Генерал закончил фразу под гулкое завывание: пространство заслонилось дымом. Земля выла и колыхалась, стонала и лопалась от натуги. Когда рассеялся дым, четыре коня лежали на дороге в последних судорогах смерти.
— Ваше высокопревосходительство, немцы нащупали нас: они пристрелялись правильно и прицела теперь не упустят! — доложил дрожащим голосом бомбардир.
Две лошади, оставшиеся в живых, метались из стороны в сторону, но постромки были прочны, они утихомирили конскую силу.
— Освободите коней от постромок, братцы, — приказал генерал. — Вы уразумели, насколько сила всемогущего велика? Ведь ни у кого из ездовых на теле нет даже царапины!
Нижние чины поражались чудесами: трое ездовых на самом деле оказались налицо, а ведь во время взрыва они сидели на тех конях, которые убиты.
— Война полна неожиданностей, ваше превосходительство, — вздохнул бомбардир-наводчик.
— Неожиданностей в мире нет: есть божественное предусмотрение, — возразил генерал. — Снимайте, братцы, пушку с лафета: пальнем по колбасе.
13. Потворство мнимым доблестям
Он вышел, чтоб посмотреть на радугу, но оказался сраженным молнией.
Автор являлся участником похода в Восточную Пруссию в качестве нижнего чина седьмой роты двести двадцать шестого пехотного Землянского полка. Он избежал немецкого плена благодаря резвости ног. Со своим полком автор совершил вторичный поход в Восточную Пруссию в начале ноября месяца, а в феврале резвые ноги уносили его в крепость Осовец.
Утром двадцать восьмого августа Гинденбург молчаливо выслушал доклад начальника штаба и ленивым движением губ произнес:
— Сегодня мы также будем наблюдать за ходом боевых действий с возвышенности.
Людендорф понимал, что возражение было бы бесполезно: главнокомандующий проявлял генеральское упорство главным образом по пустякам, и начальник штаба приказал подавать машины.

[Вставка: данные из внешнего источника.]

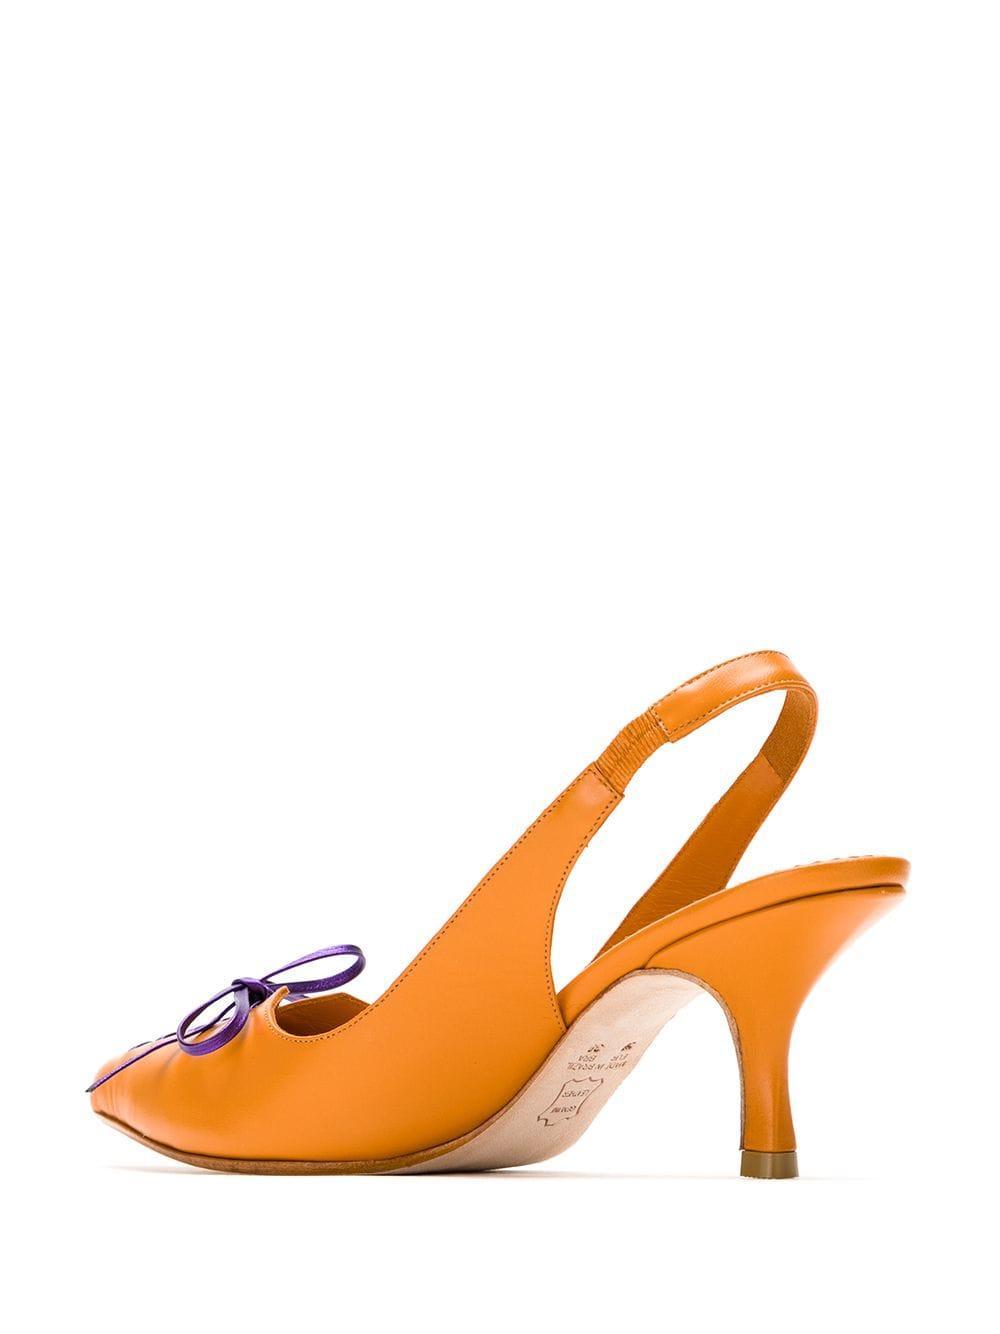 Zapatos de tacón con tira trasera y lazo Sarah Chofakian de color Naranja

Свежее утро было насыщено густым воздухом, мелкие росинки серебрили колючие иглицы огромного массива соснового бора. Шоссе пронизывало лесные угодья, и атмосфера содрогалась вместе с земной корой от мощного гула артиллерийской канонады. Три машины шли одна за другой, имея направление на Мюлен, навстречу тому, что содрогало землю и сотрясало воздух. На лесной опушке, однако, машины вынуждены были остановиться: шоссе было загромождено опрокинутыми повозками, и поваленные в упряжках кони трепыхались, дрыгая ногами. Ездовые покидали повозки и бежали в лес. Вопли и крики отдавали эхо по всем направлениям.
— Русские! Русские!
— Русские? — переспросил главнокомандующий.
Генералы вышли из машин, чтобы разобраться в причинах бегства войсковых частей, и причина выяснилась спустя полчаса: немецкие солдаты, напугавшись взвода русских нижних чинов, взятых ими же в плен, также уносили свои резвые ноги.
Омраченное немецкое командование должно было возвратиться обратно, так как пути следования вперед оказались настолько загроможденными, что одолеть их мог только пеший взвод русских нижних чинов, привыкший к бездорожью. Возвращаясь в штаб, Гинденбург молчал, как и обычно, но веру в немецкого солдата он потерял.
Мыслей будущего фельдмаршала никто не читал, и они не отражались внешне: от долголетия он застывал в чувствах, которых не расплавляло даже и спиртное. Чувствителен он был только к одному человеку — к германскому императору, но собственного сердца он не раскрыл бы и для него лично. Гинденбург повседневно утверждал: «Если мне его императорское величество прикажет, то я непременно обязан выполнить», но в историческом местечке Спа растерявшийся германский император вынужден был спросить у него только совета.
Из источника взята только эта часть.